══ Recorded information ══

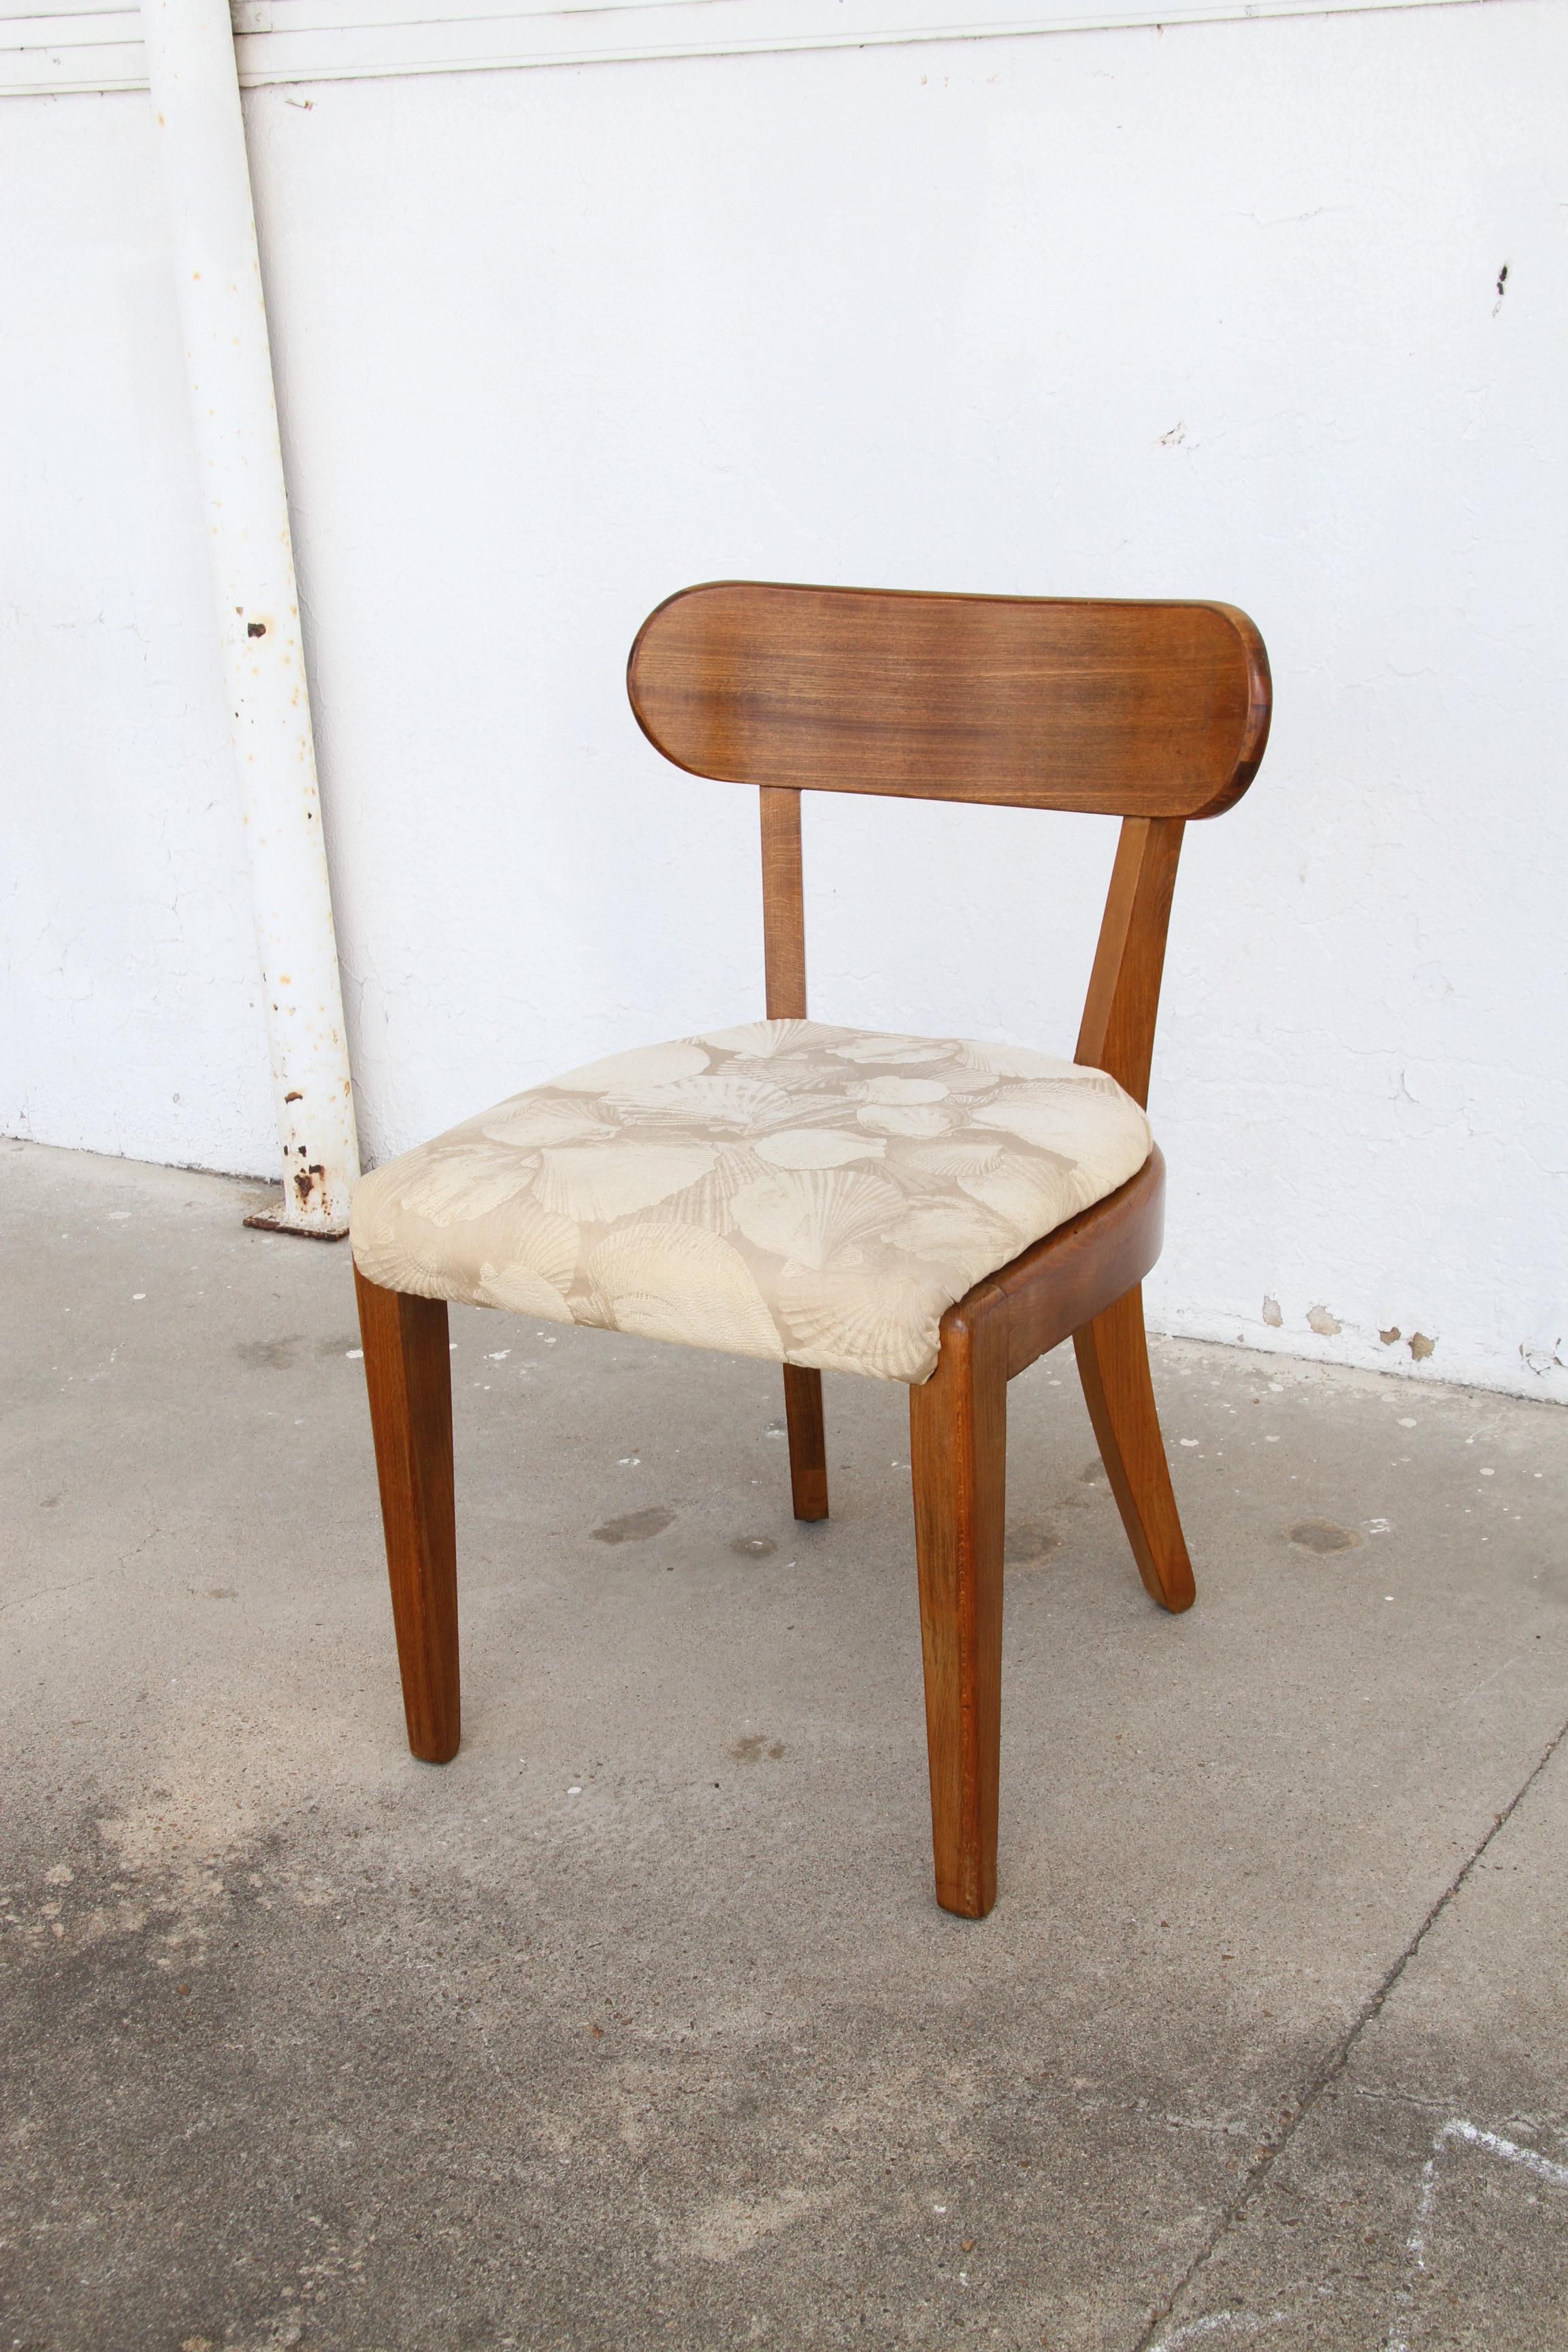 Edward Wormley entwarf 1947 für die Precedent Side Chairs der Serie 239-4.
6 Stühle für den Essbereich, Massivholzkonstruktion, naturbelassen.


Abmessungen:
Höhe: 30 Zoll
Breite: 19 Zoll
Tiefe: 21 Zoll
Sitzhöhe: 18 Zoll  
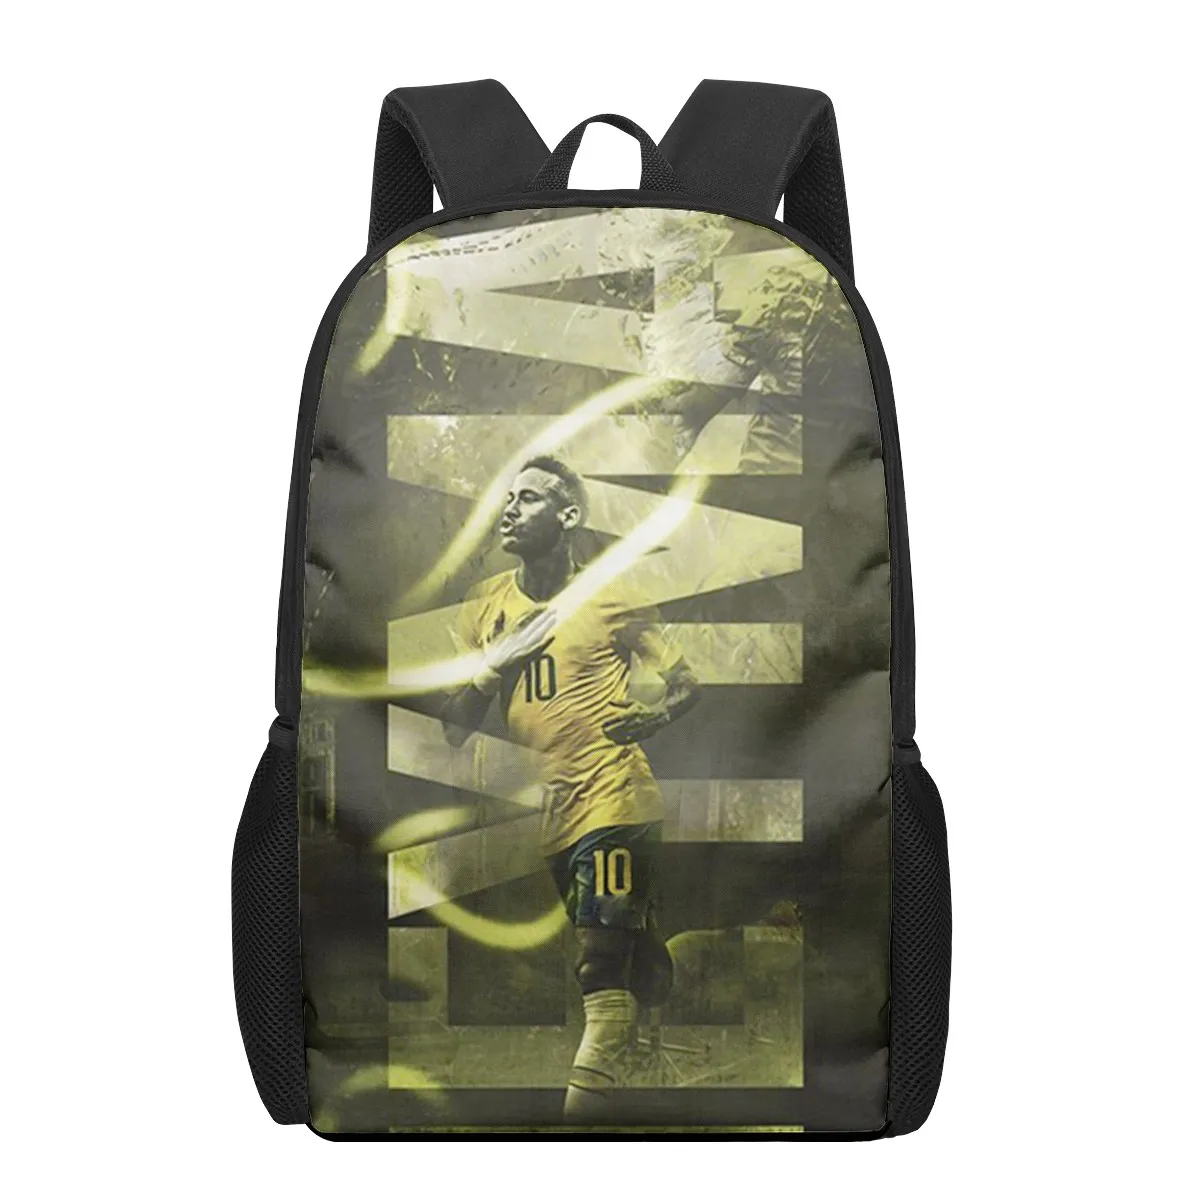 Tanie HOMDOW Football-star-Neymar torby szkolne

═══

Assigned task: Only the lines from the one containing "6 Stühle für" through the last line of the data above, both included, belong in the reply, each restated exactly and without pictures.

Answer space:
6 Stühle für den Essbereich, Massivholzkonstruktion, naturbelassen.


Abmessungen:
Höhe: 30 Zoll
Breite: 19 Zoll
Tiefe: 21 Zoll
Sitzhöhe: 18 Zoll  
 Tanie HOMDOW Football-star-Neymar torby szkolne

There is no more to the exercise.